'''
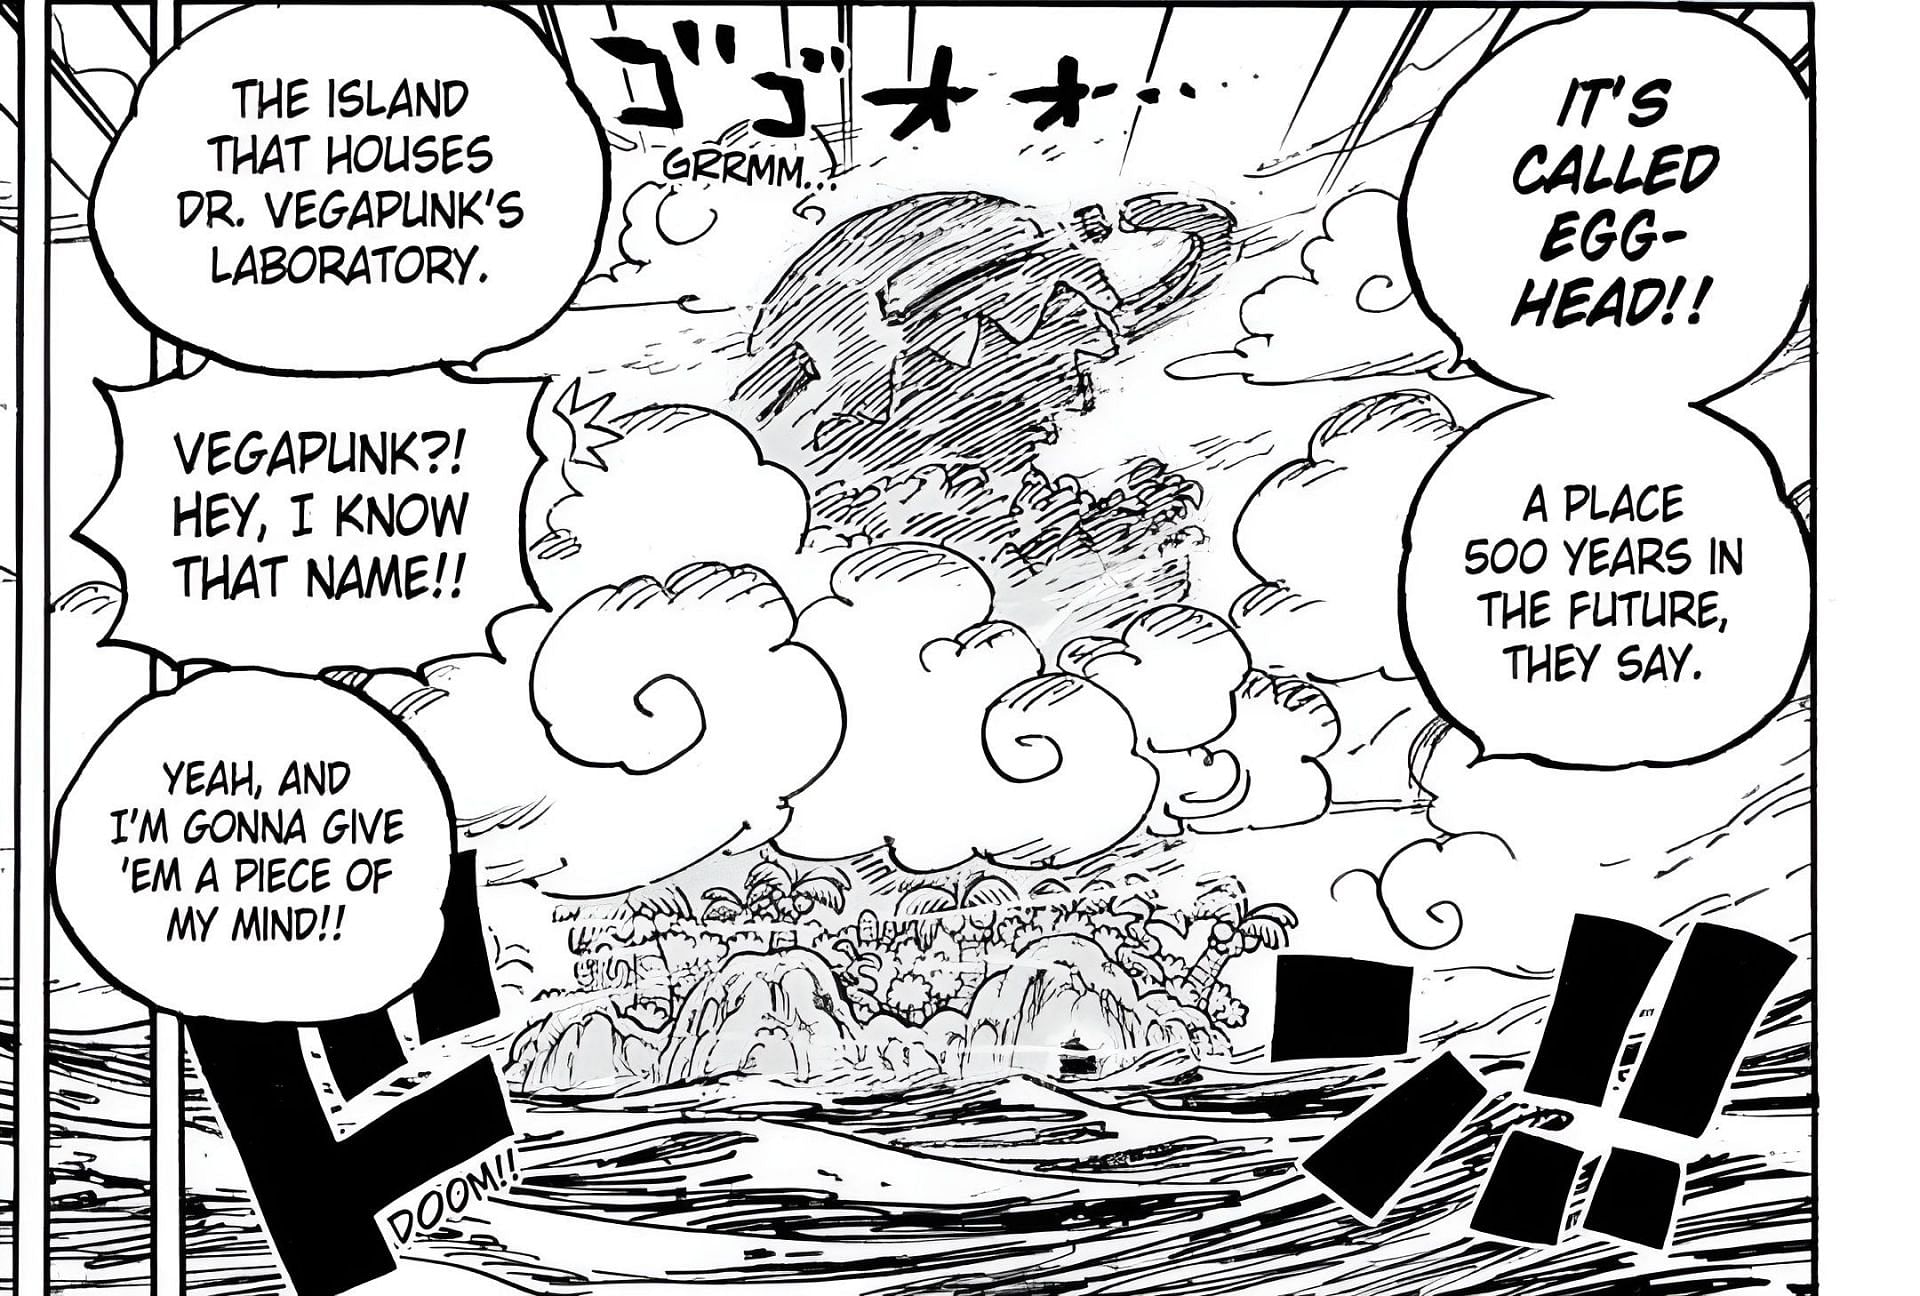 One Piece chapter 1062 is expected to shed more light on Vegapunk (Image via Eiichiro Oda/Shueisha)
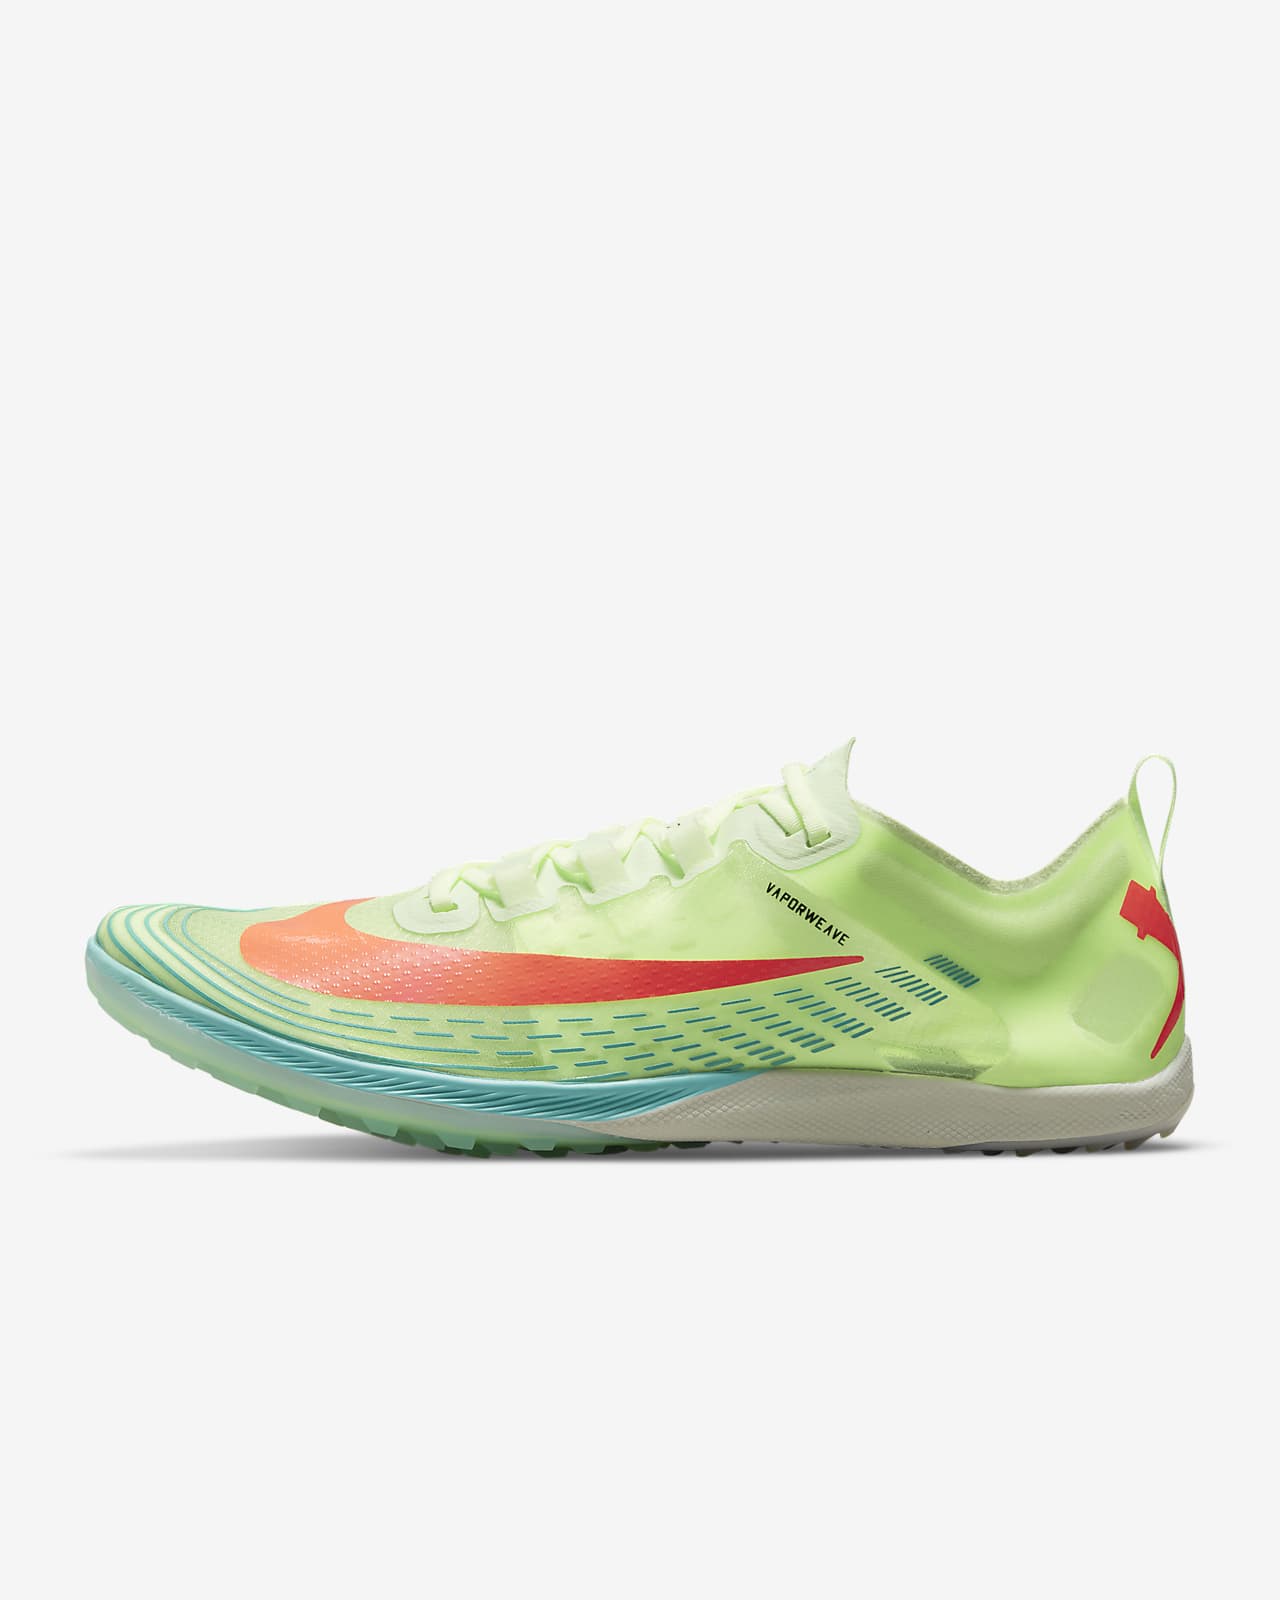 nike store track package
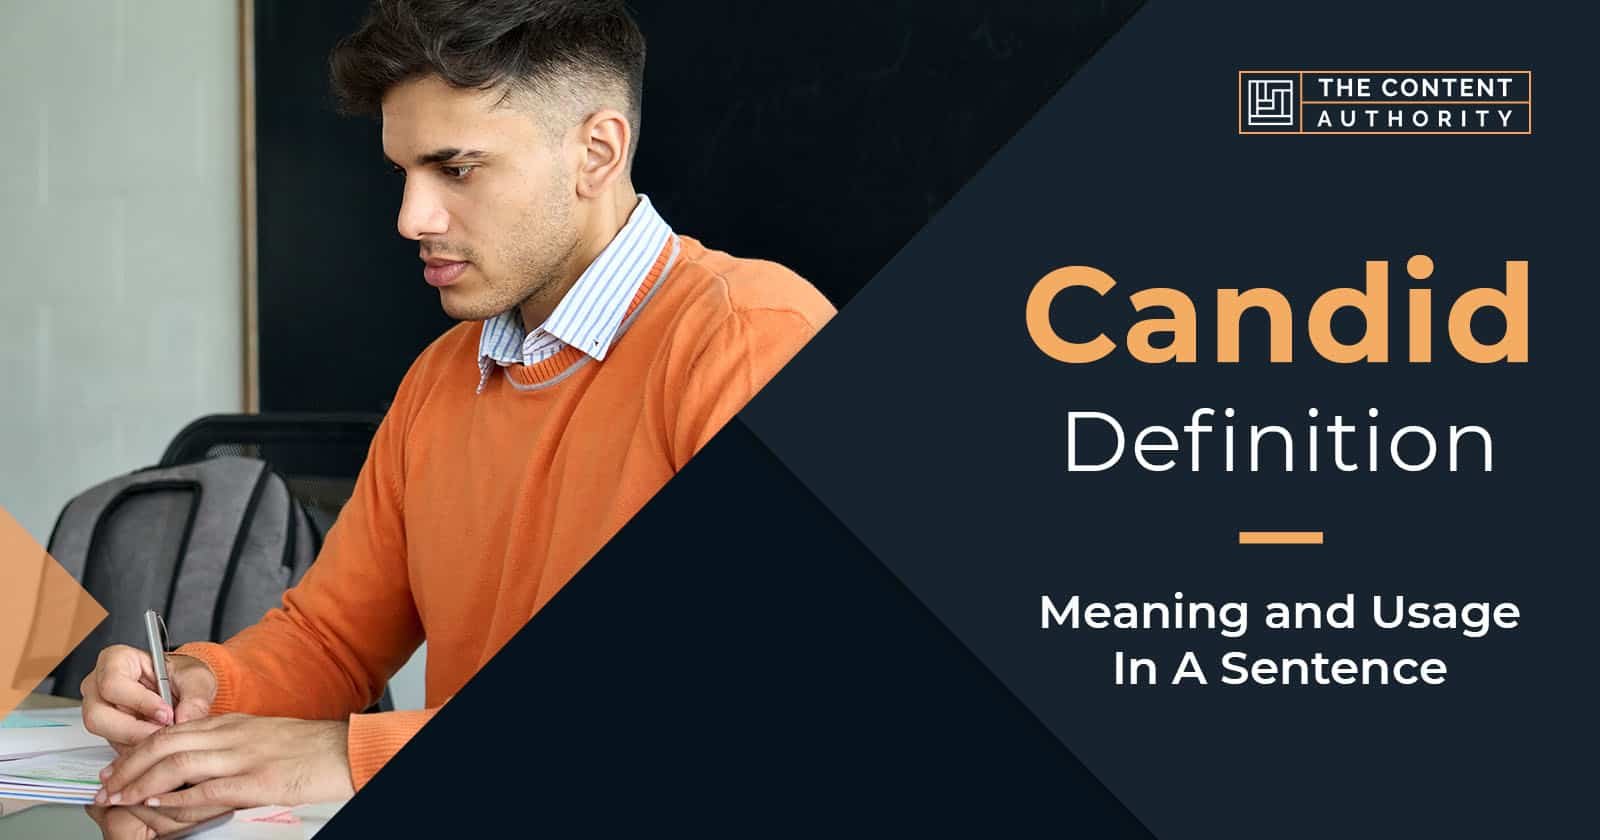 Candid Definition – Meaning and Usage in a Sentence
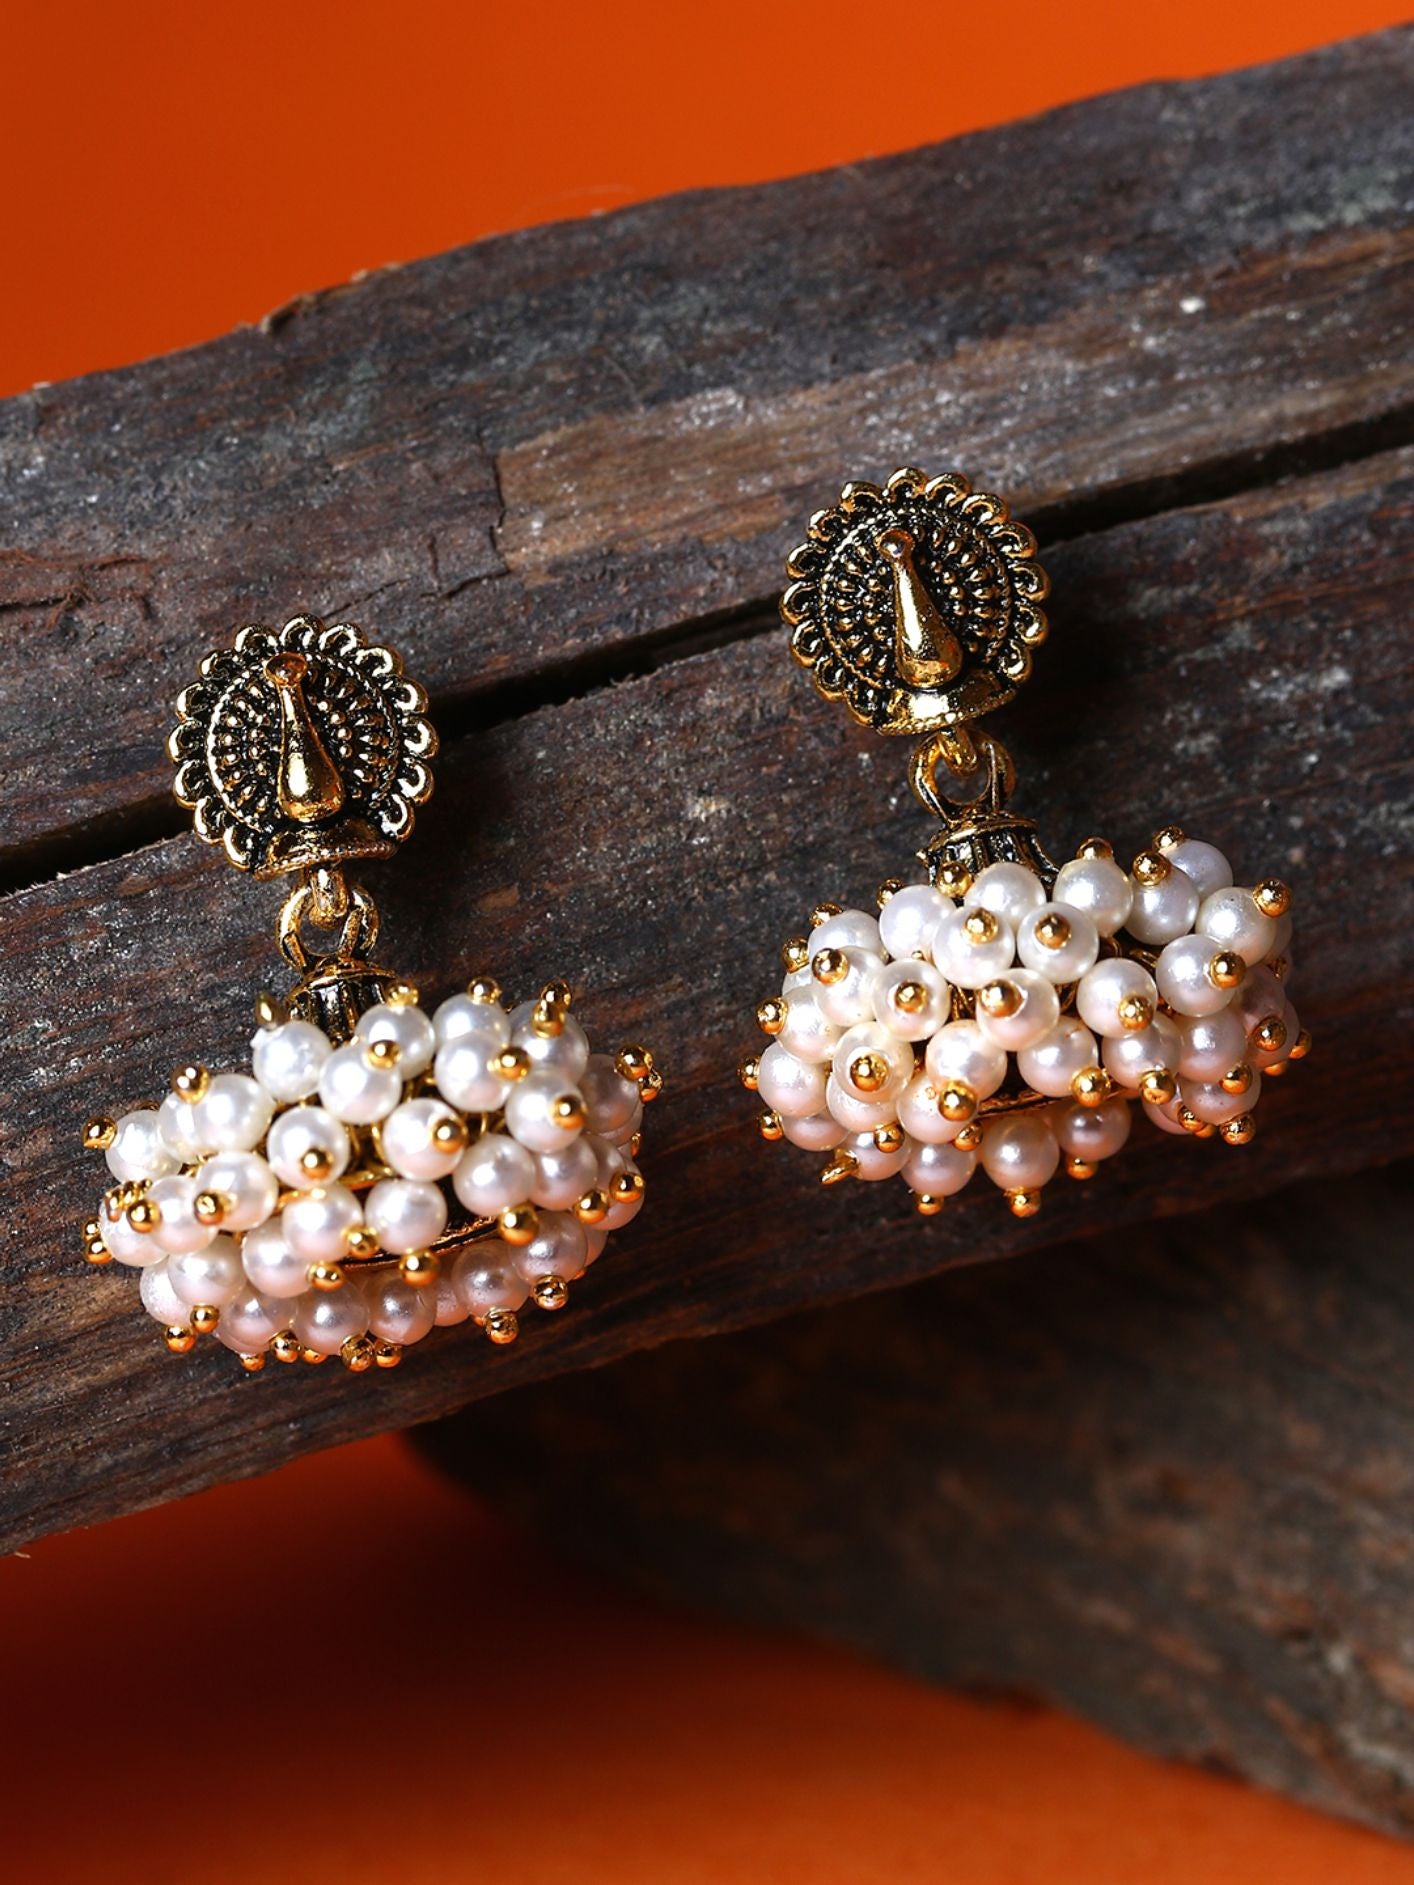 Women's Gold Plated & Off-White Enamelled Peacock Shaped Jhumkas - Anikas Creation
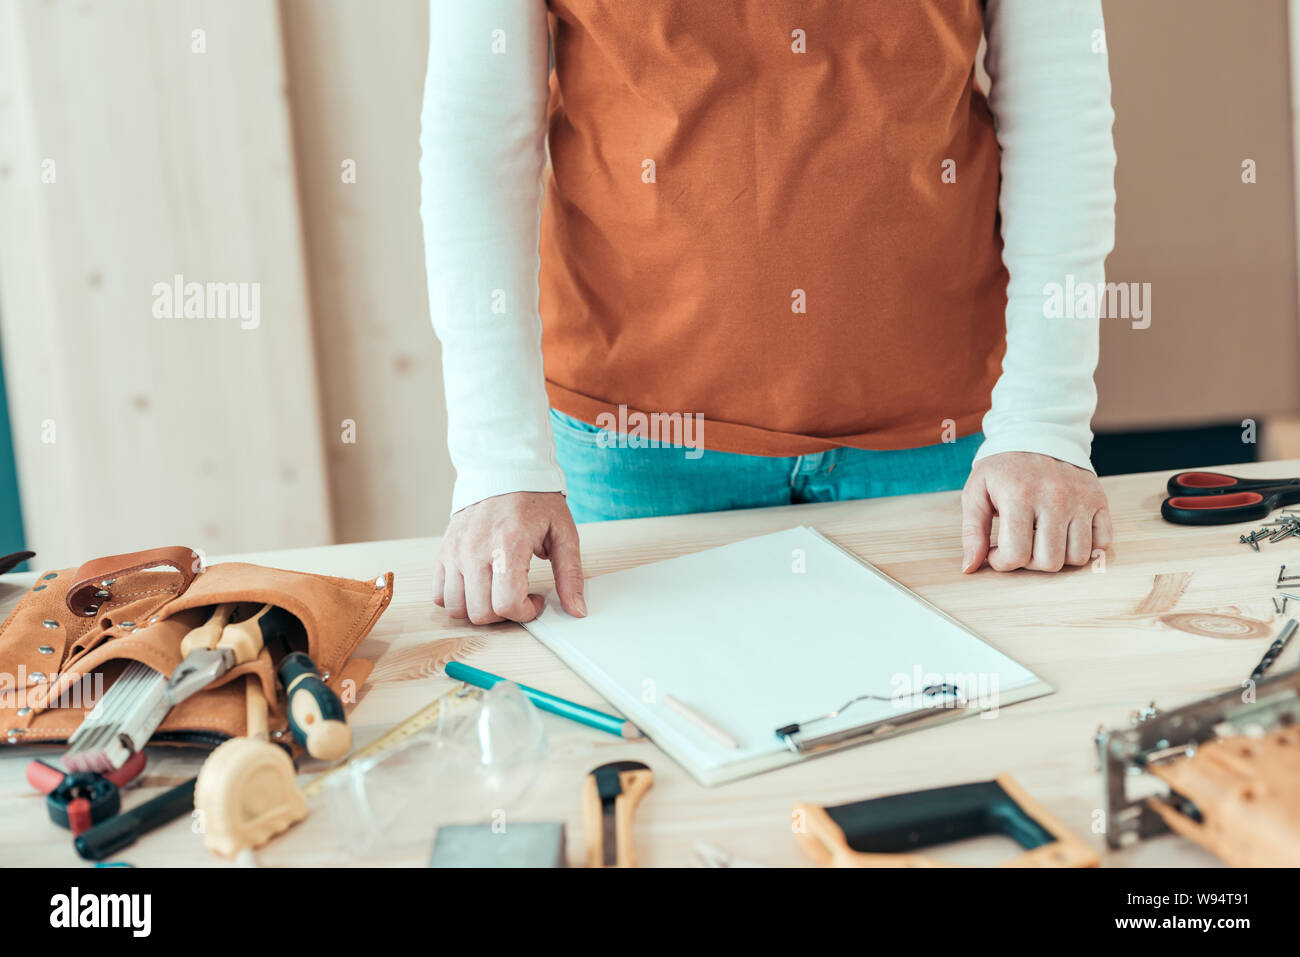 Female carpenter with hands on the desk in small business woodwork workshop Stock Photo
'''
• **Exercise aim**:
Restate the data above word for word. Do not include the images.

• **Result for this exercise**:
 One Piece chapter 1062 is expected to shed more light on Vegapunk (Image via Eiichiro Oda/Shueisha)
 nike store track package
 Candid Definition – Meaning and Usage in a Sentence
 Women's Gold Plated & Off-White Enamelled Peacock Shaped Jhumkas - Anikas Creation
 Female carpenter with hands on the desk in small business woodwork workshop Stock Photo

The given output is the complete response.